Also in my experience if dogs cannot breathe they have a hard time growling. And you bet, if I had a problem this serious, the dog would learn VERY QUICKLY that his "master plan" of having and controlling all the resources in your home was rapidly coming to a screeching halt.

I would set this dog up dragging a line, and I would begin working him with a slip collar. (IMPORTANT!!!! NEVER allow a dog to drag a line, ESPECIALLY ON A SLIP COLLAR, if you are not paying DIRECT attention to him. NOT EVER) Make the line long enough that you don't have to go so close to him to get the end of it. When he takes the article I have set him up to take, I would reel him in quickly. I would not make eye contact. I would raise him up with the line to a point at which he must make an important decision. Hold and growl, or breathe.

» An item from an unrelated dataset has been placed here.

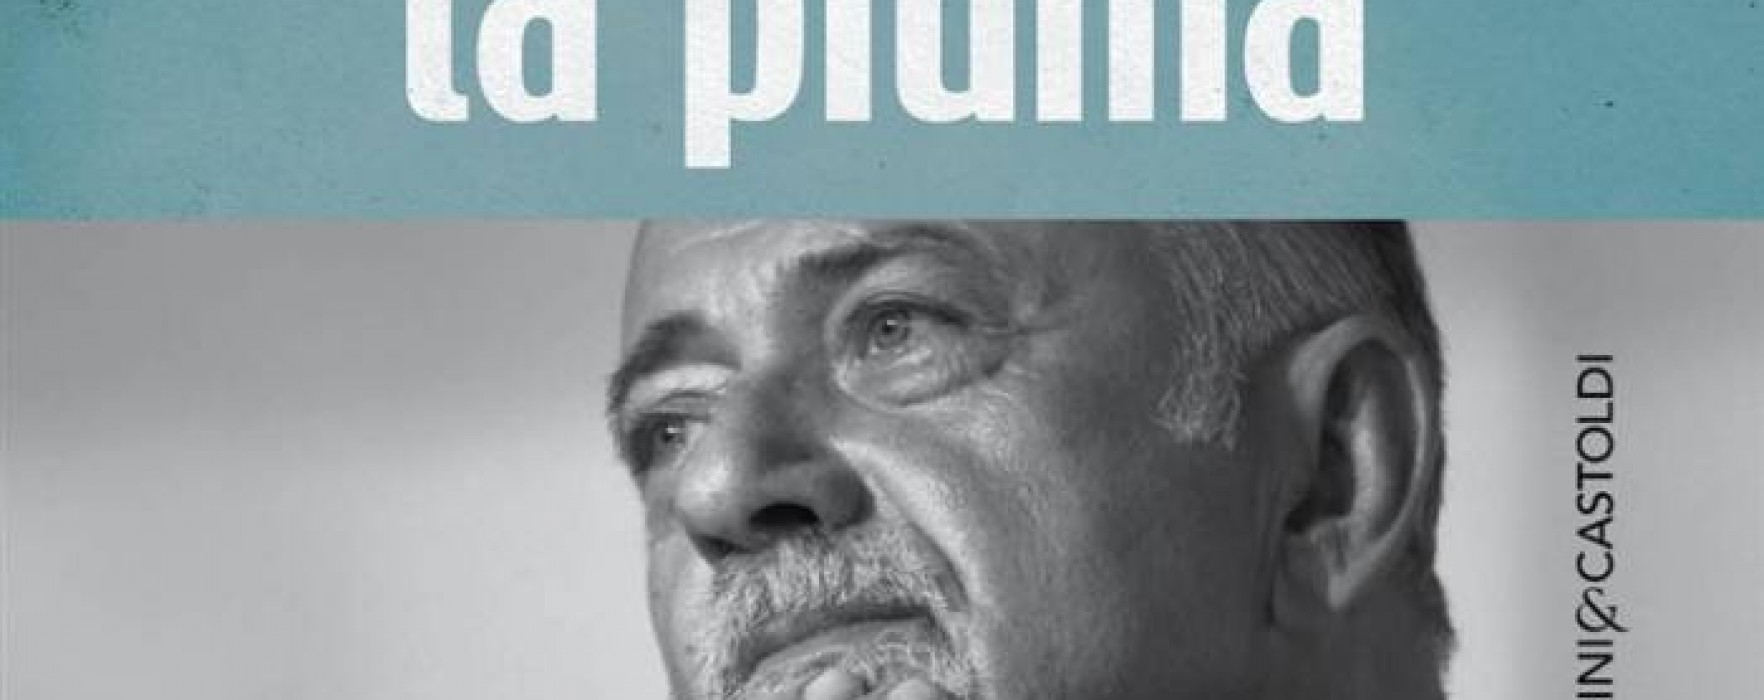 Un anno senza Giorgio Faletti. Il libro postumo: “La piuma”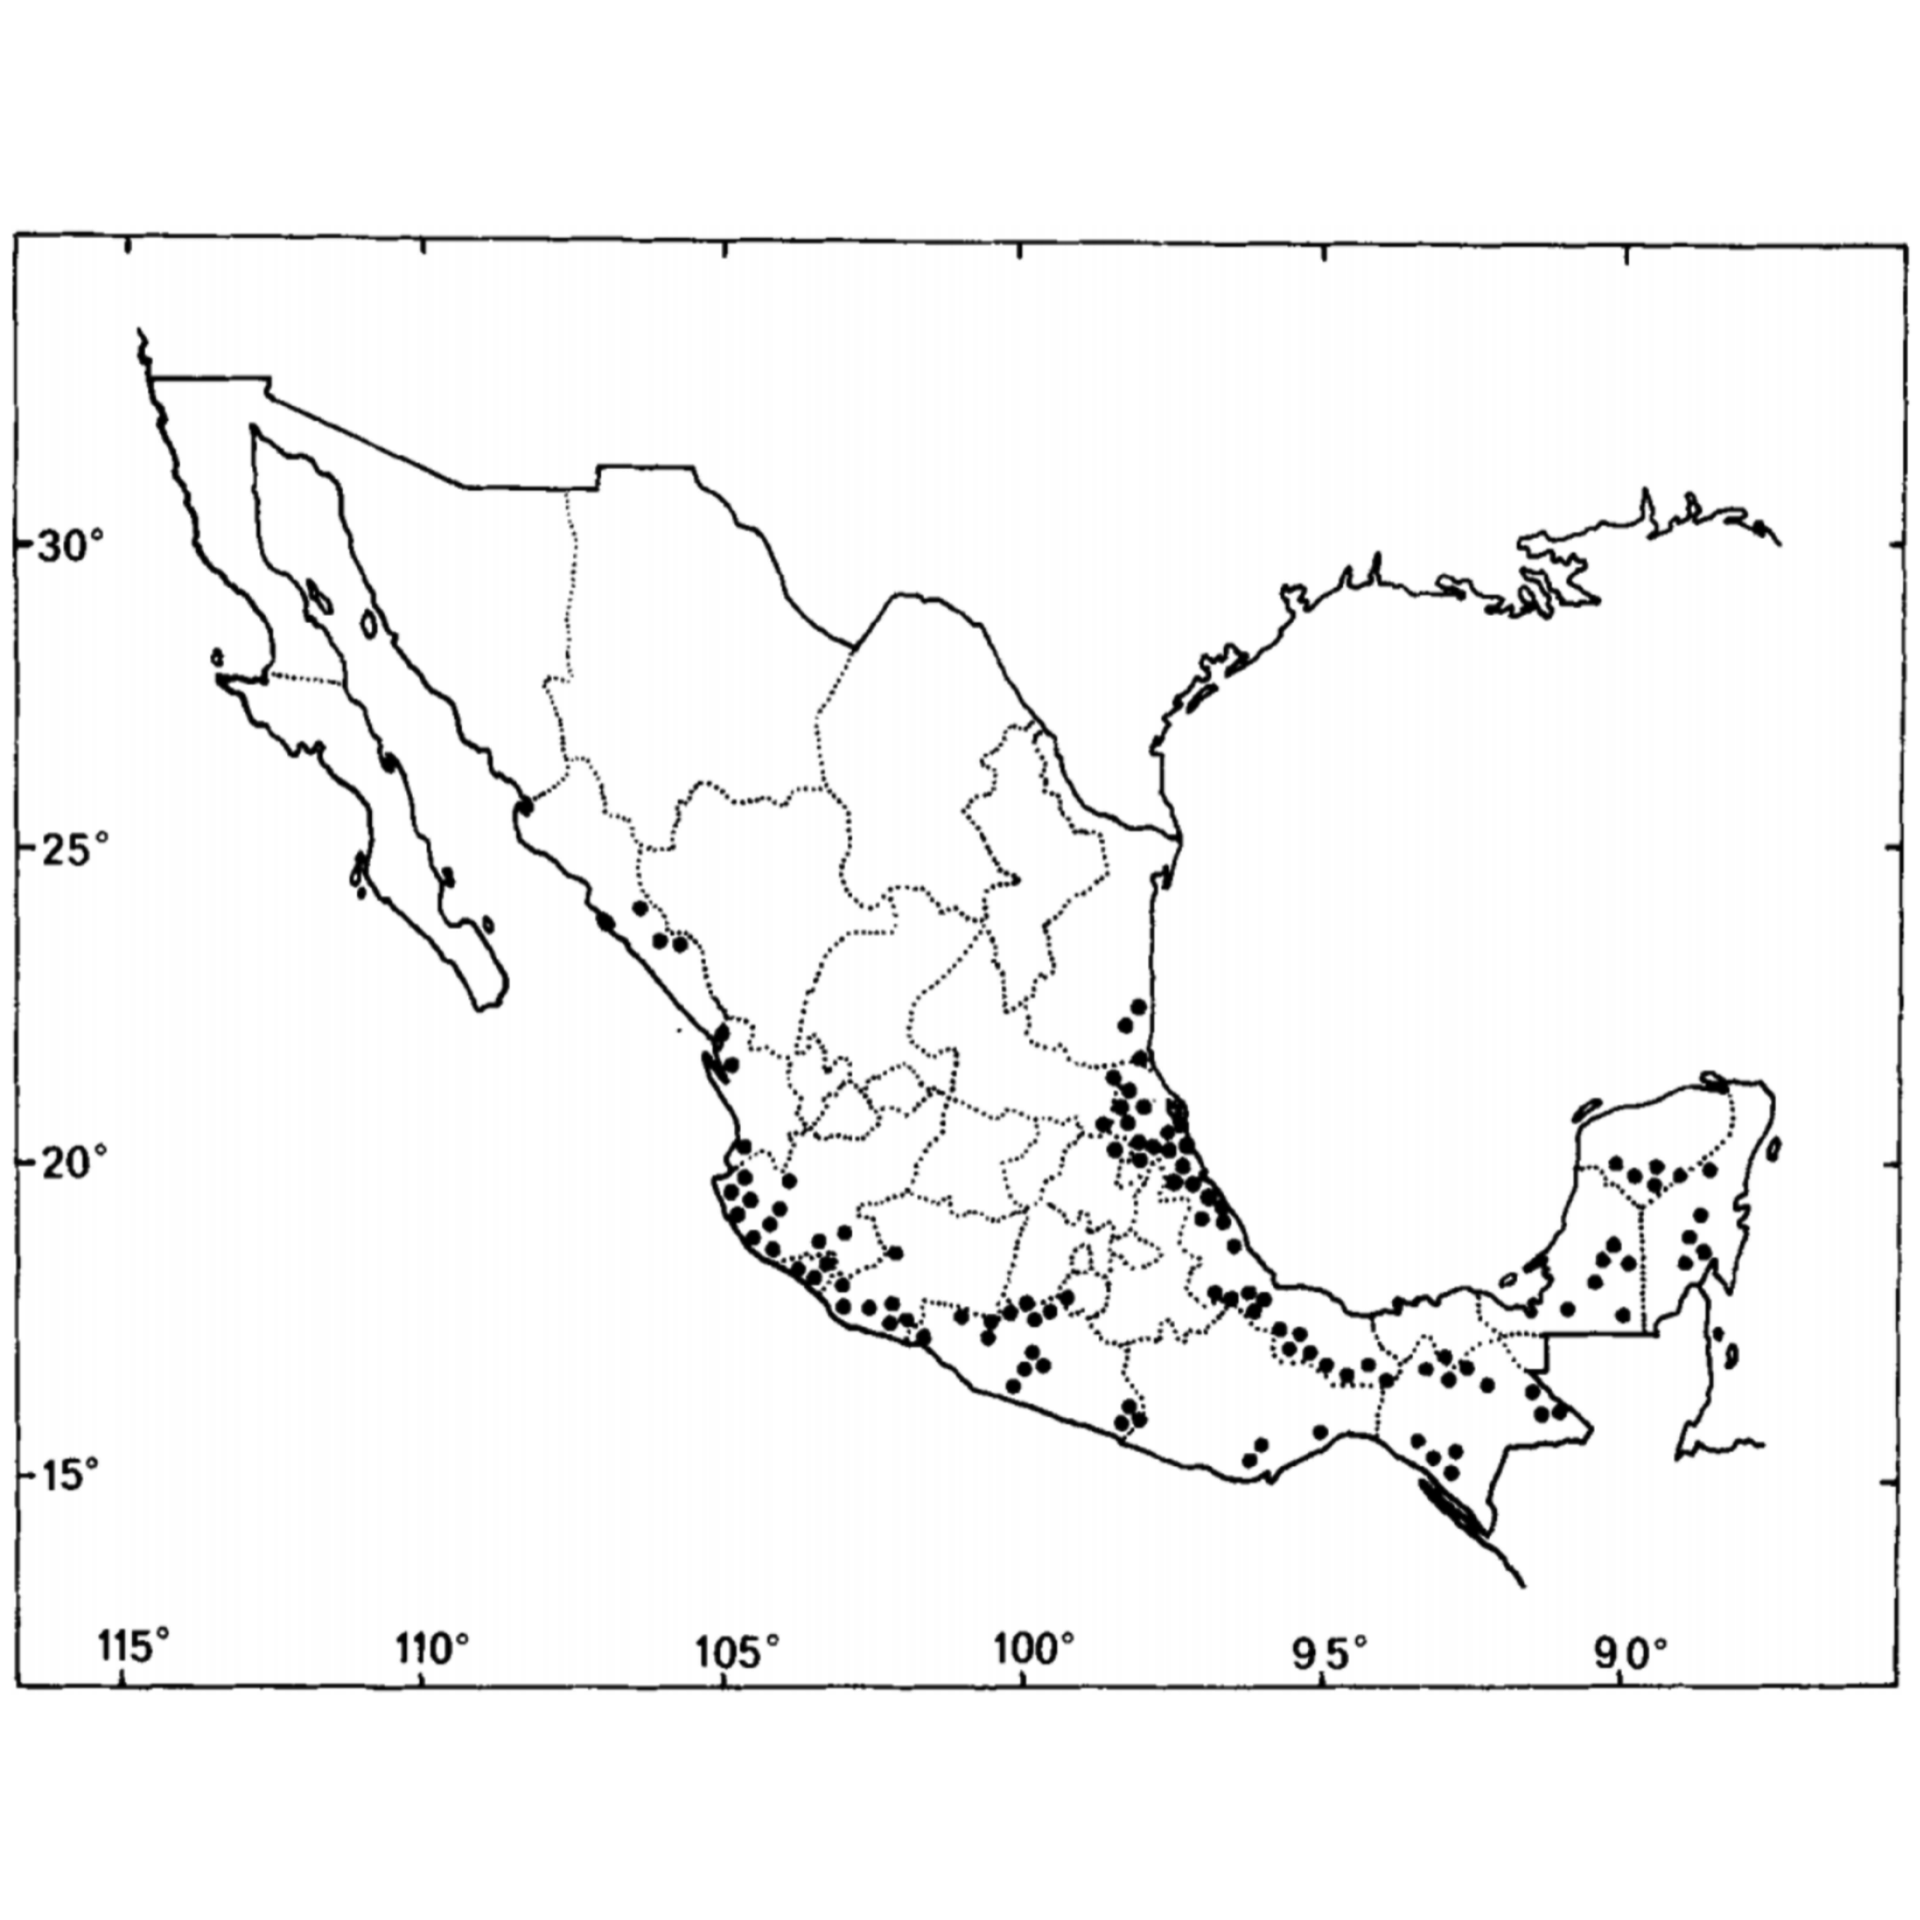 Distribución del árbol de ramón en México (Brosimum alicastrum Sw.). Fuente: (Peters & Pardo-Tejeda, 1982).

I would do this quietly, calmly, and the INSTANT the dog dropped the object, I would release the pressure JUST ENOUGH so he can take a good breath, and I would briskly walk him away and strongly food reward him.

I do not use these methods often, or lightly. However, this dog is looking at DEATH if this situation is not resolved. It is time for some backbone, and some gloves off real life tough love for this guy.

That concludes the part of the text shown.